Data section:

■ ■ ■ ■

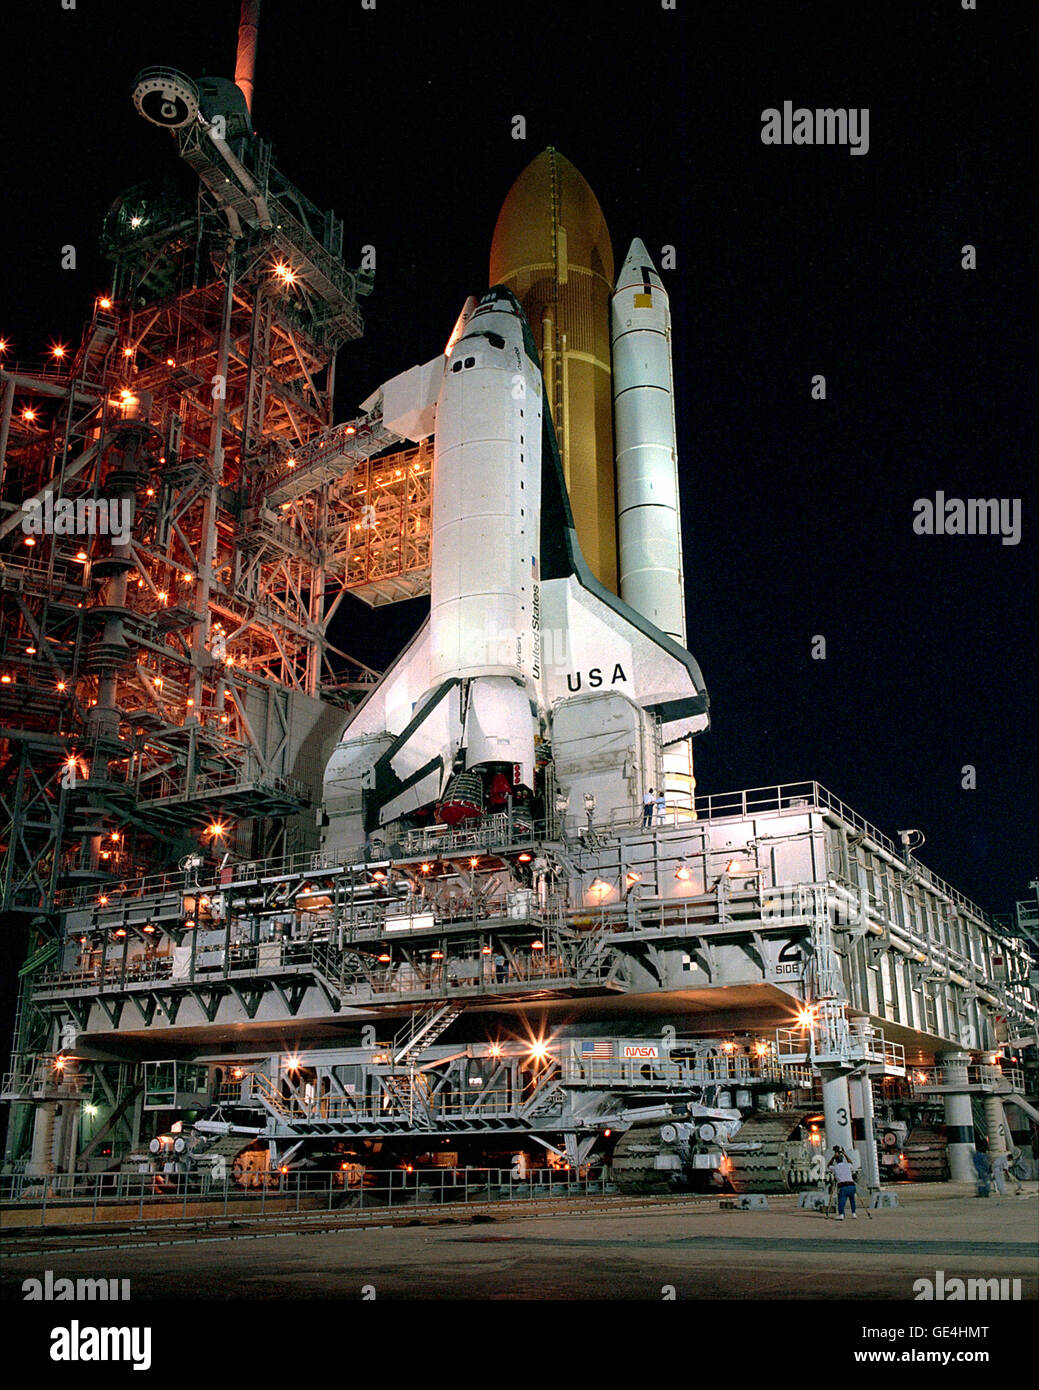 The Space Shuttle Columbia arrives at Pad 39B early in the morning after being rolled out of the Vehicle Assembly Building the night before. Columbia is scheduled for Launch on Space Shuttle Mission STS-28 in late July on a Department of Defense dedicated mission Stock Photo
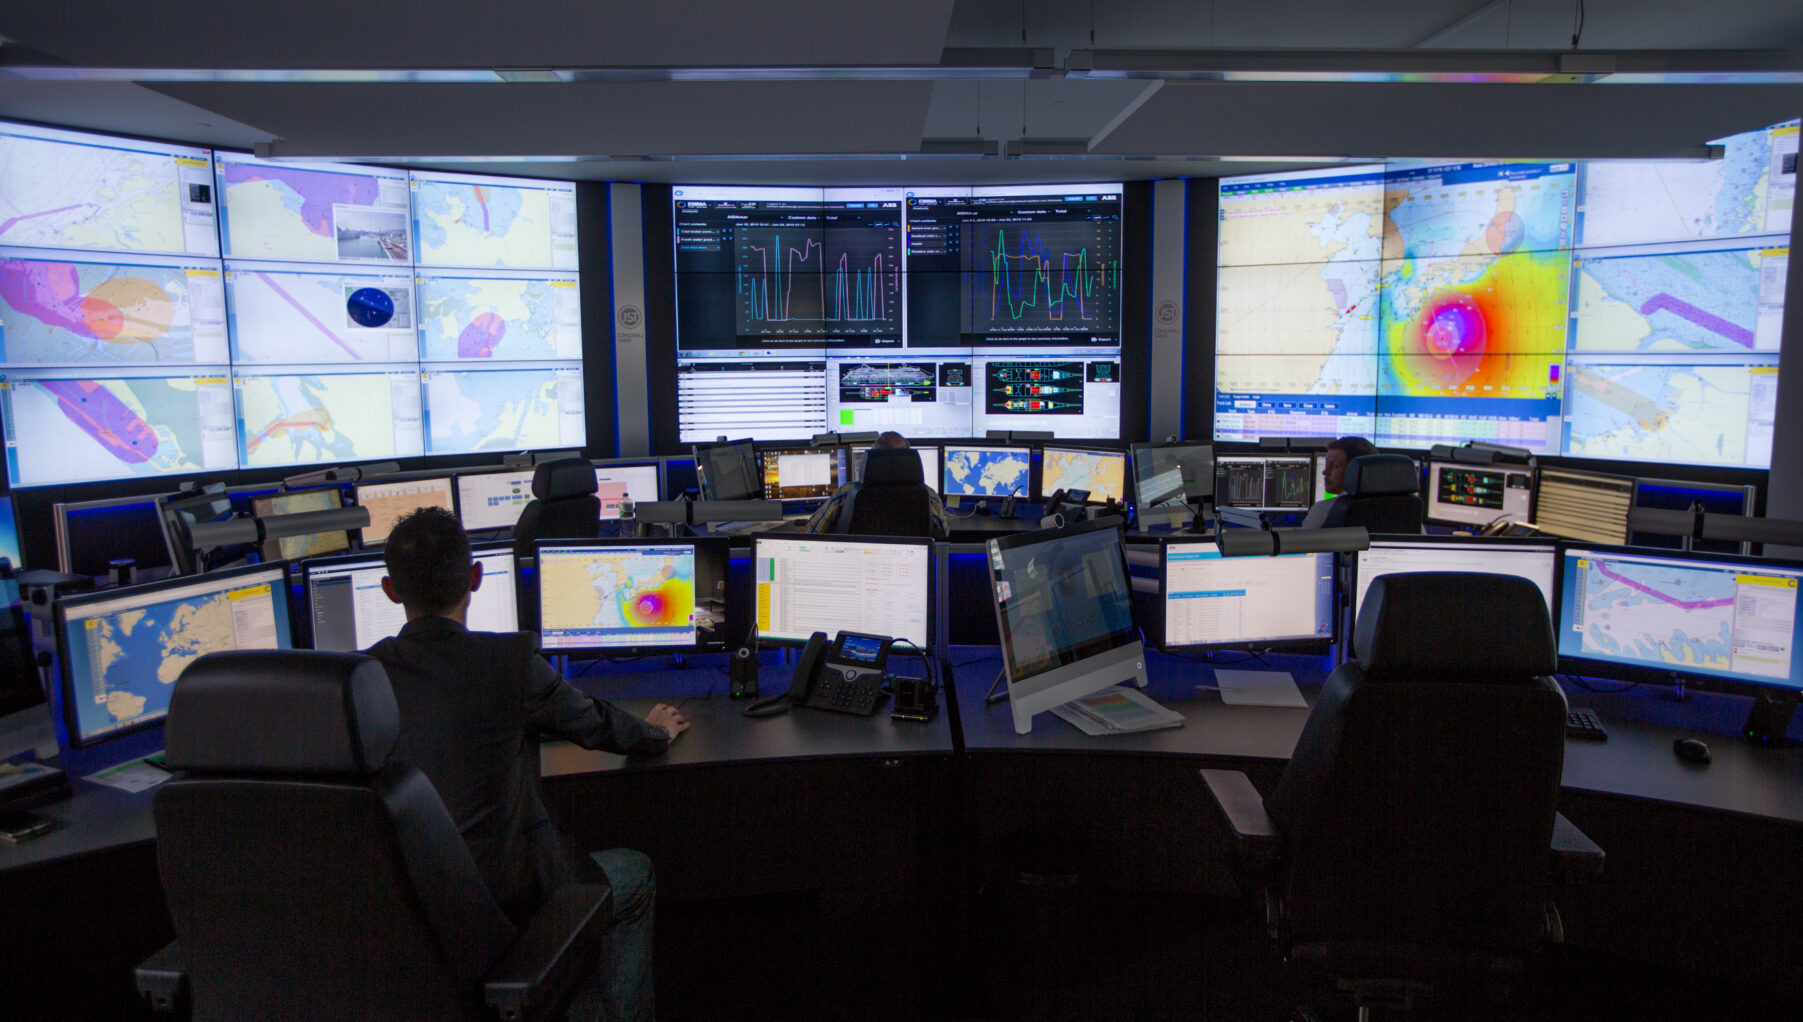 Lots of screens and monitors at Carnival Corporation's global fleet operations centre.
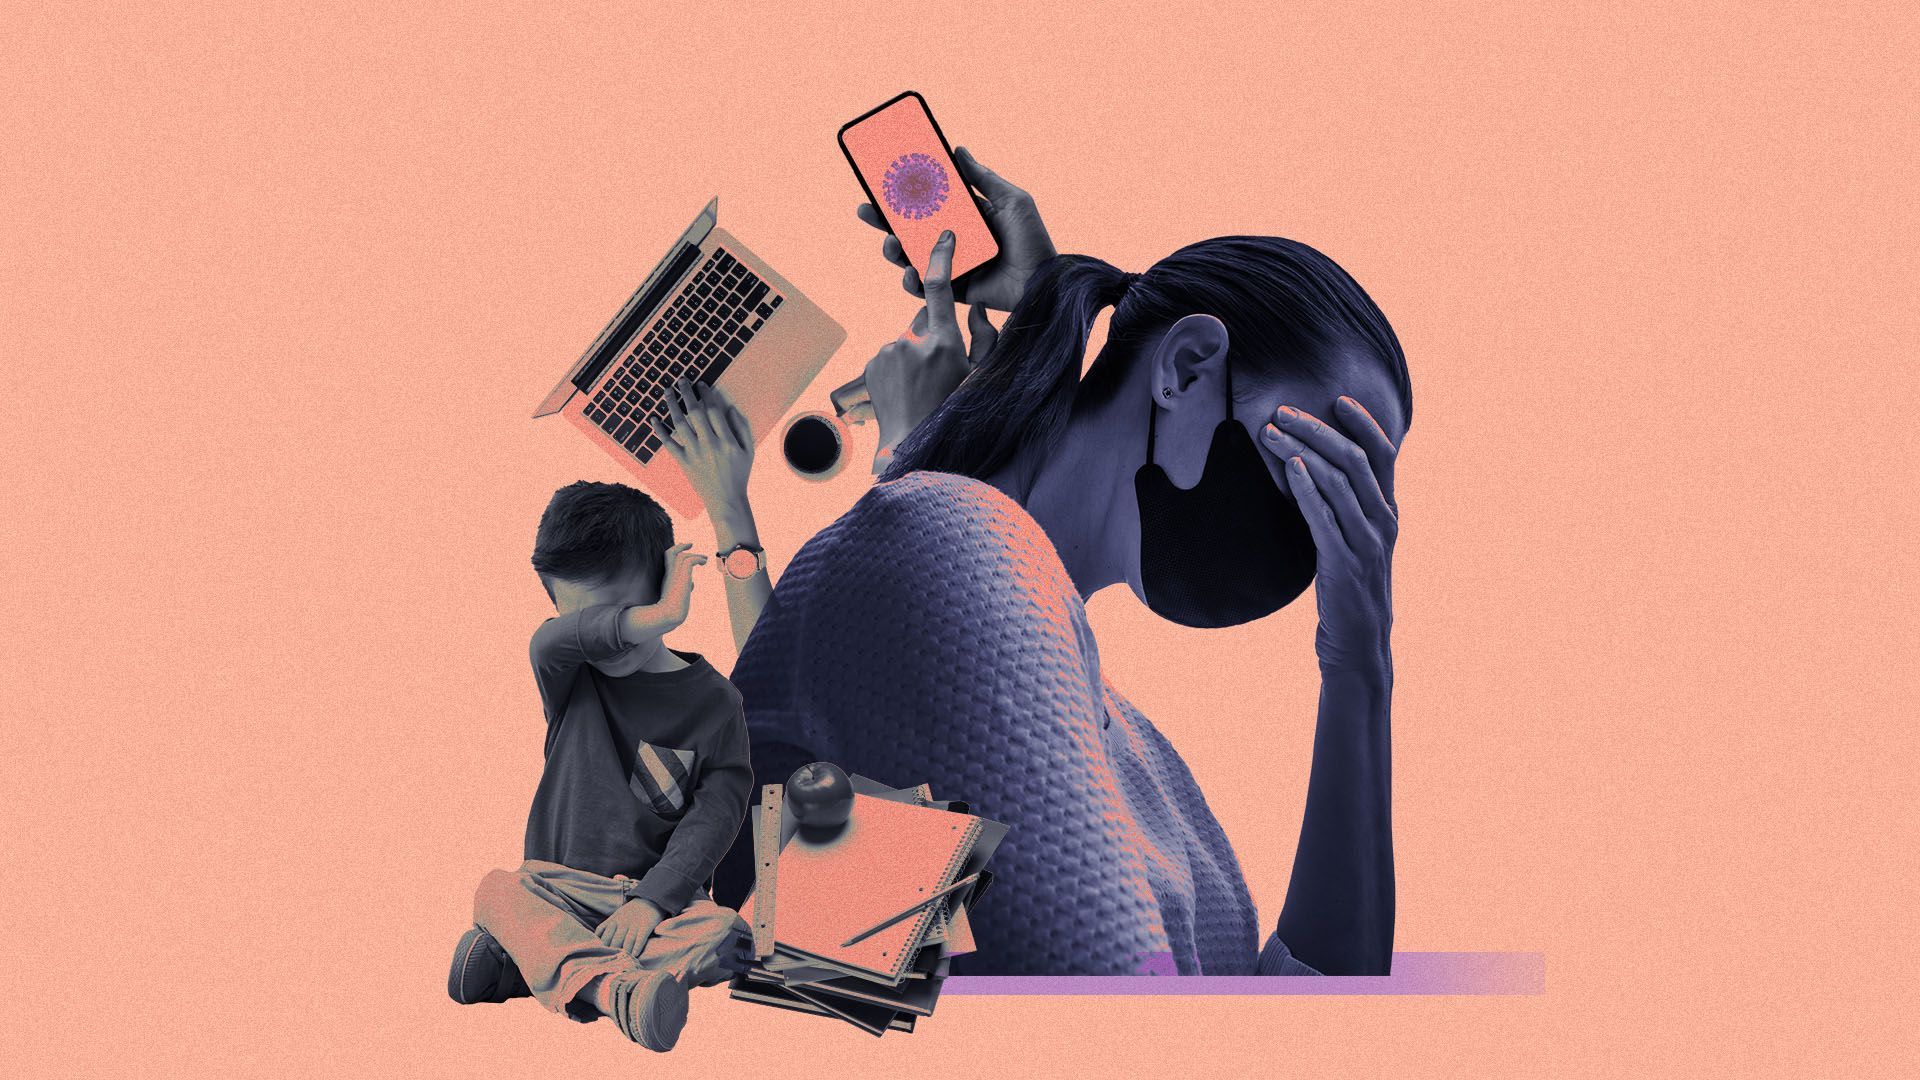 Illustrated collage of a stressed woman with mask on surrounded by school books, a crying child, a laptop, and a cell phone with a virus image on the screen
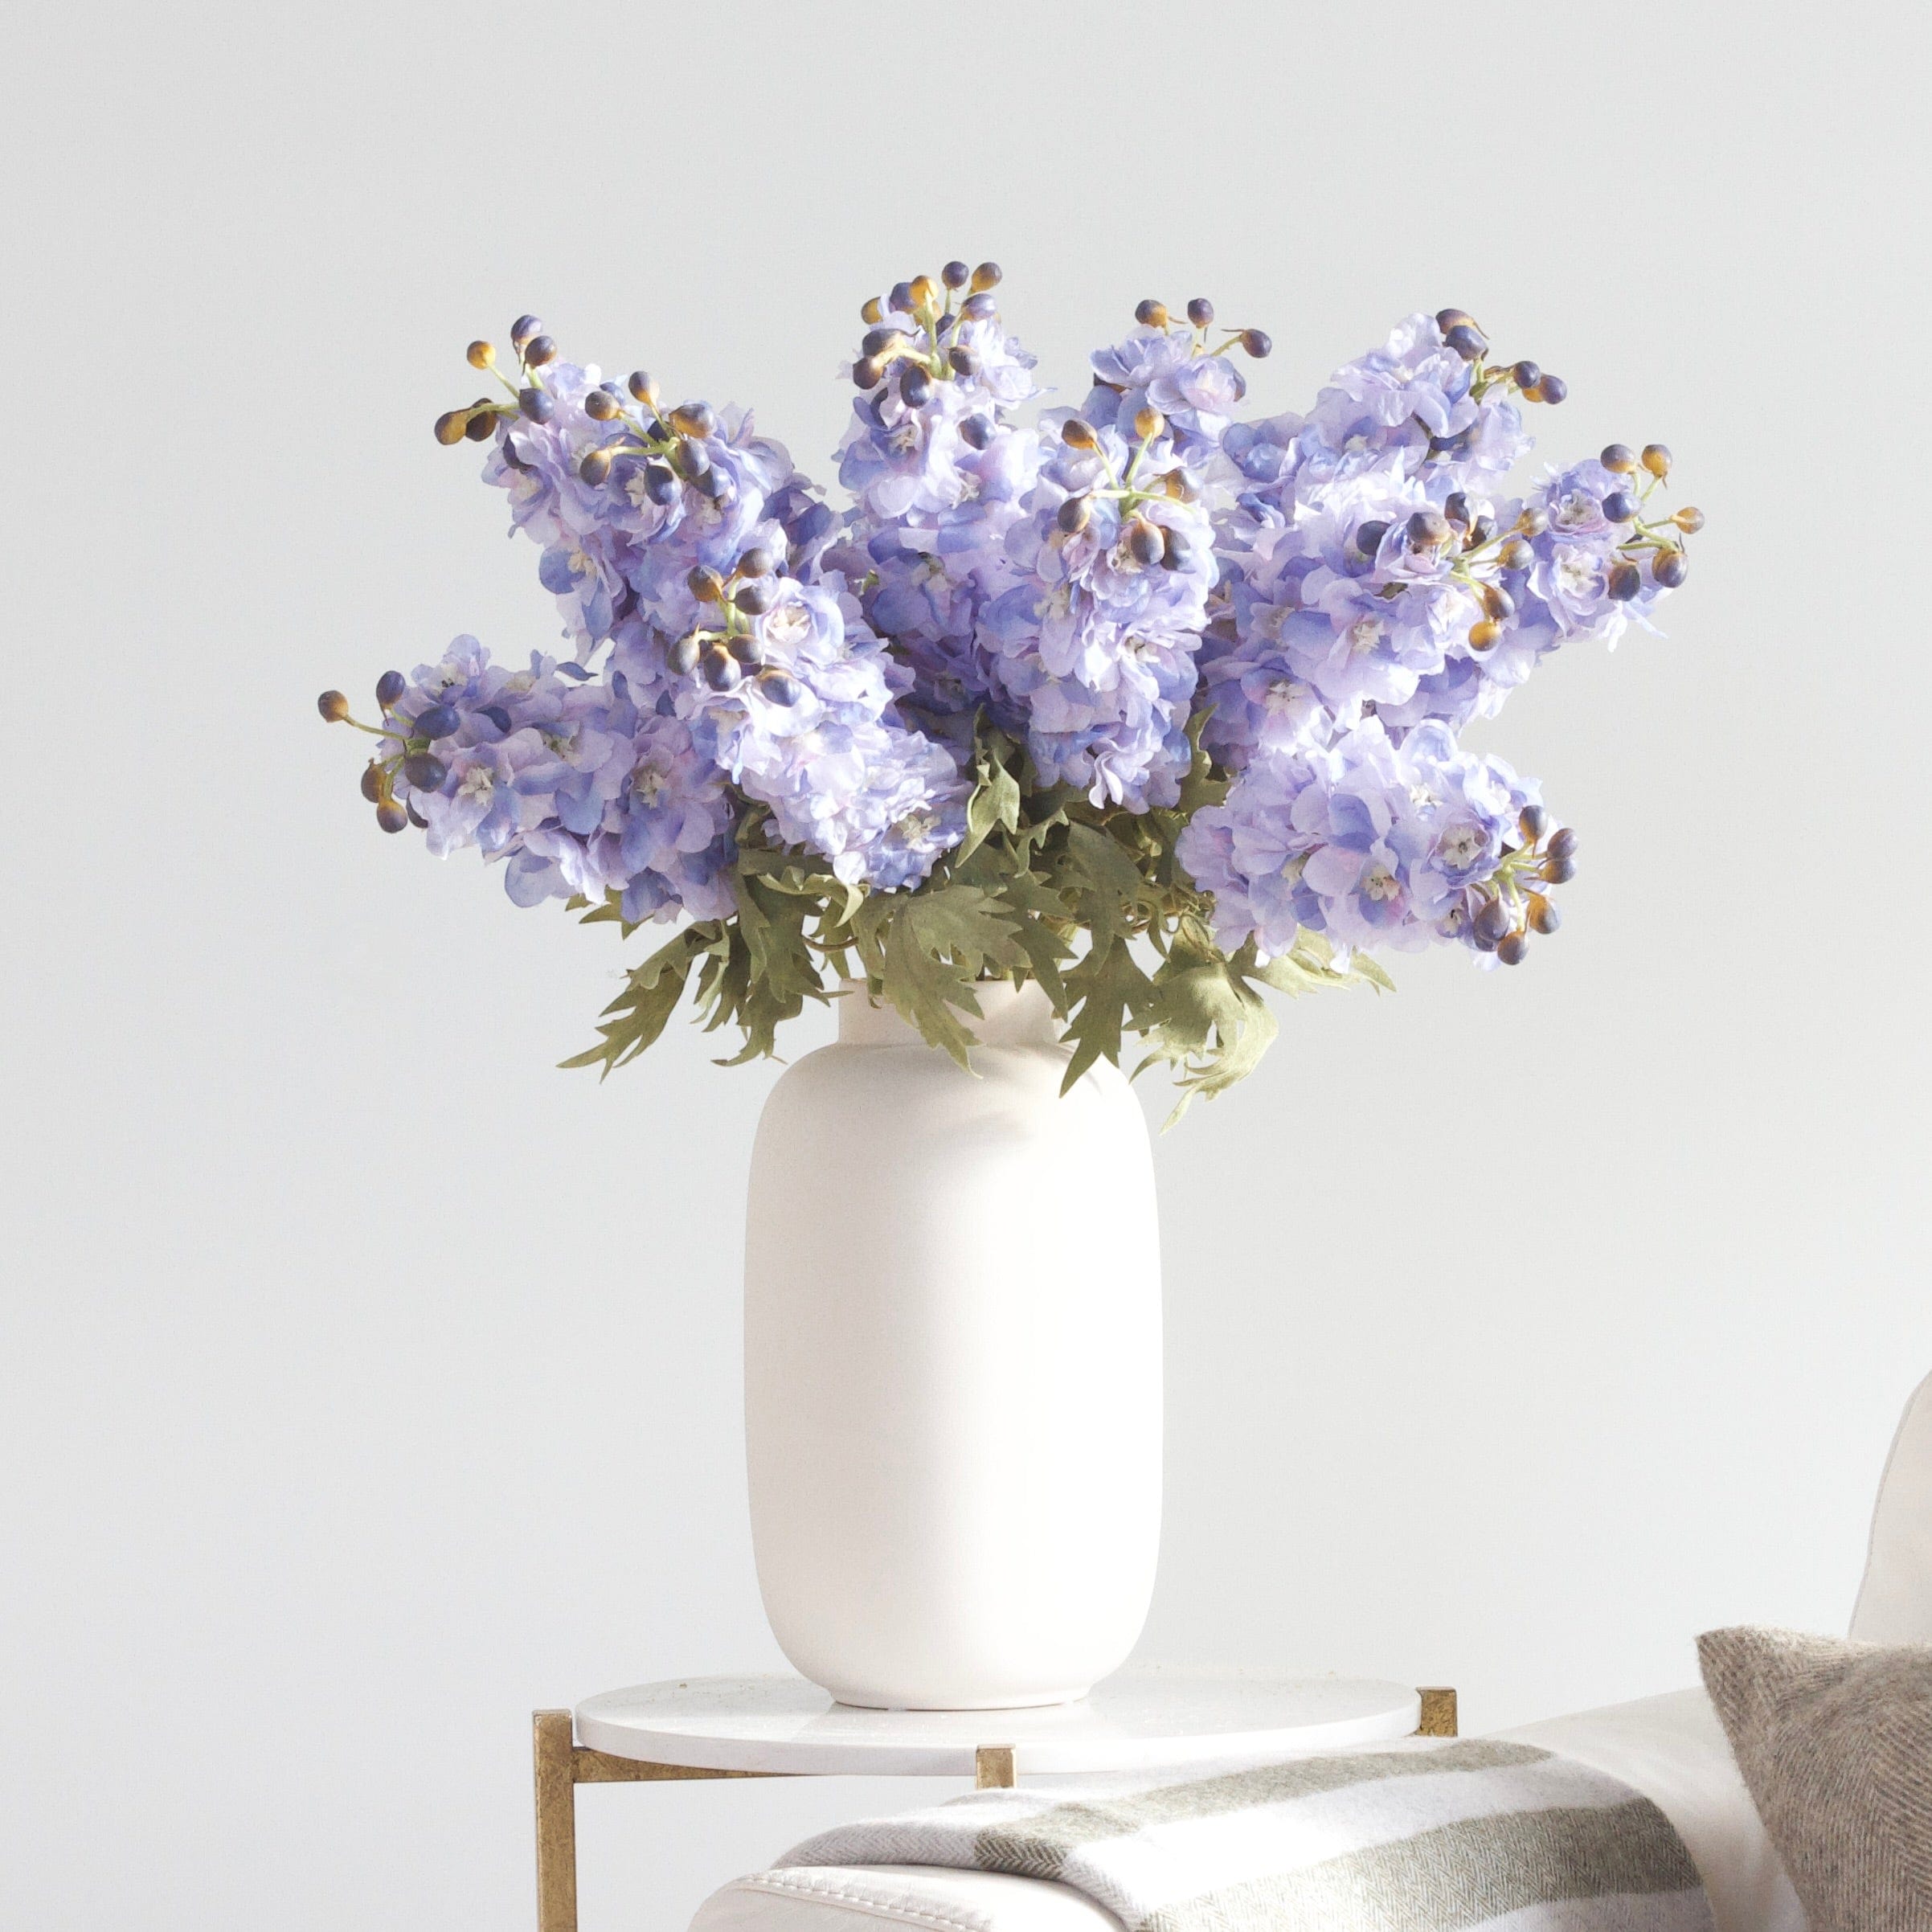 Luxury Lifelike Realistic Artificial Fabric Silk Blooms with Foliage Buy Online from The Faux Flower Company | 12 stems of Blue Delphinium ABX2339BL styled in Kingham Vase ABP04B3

■ ■ ■ ■

Task description:
From the material above, output only the span of lines that starts at the one containing "Lots of screens" and finishes at the one containing "Illustrated collage of", word for word and free of pictures.

Response box:
 Lots of screens and monitors at Carnival Corporation's global fleet operations centre.
 Illustrated collage of a stressed woman with mask on surrounded by school books, a crying child, a laptop, and a cell phone with a virus image on the screen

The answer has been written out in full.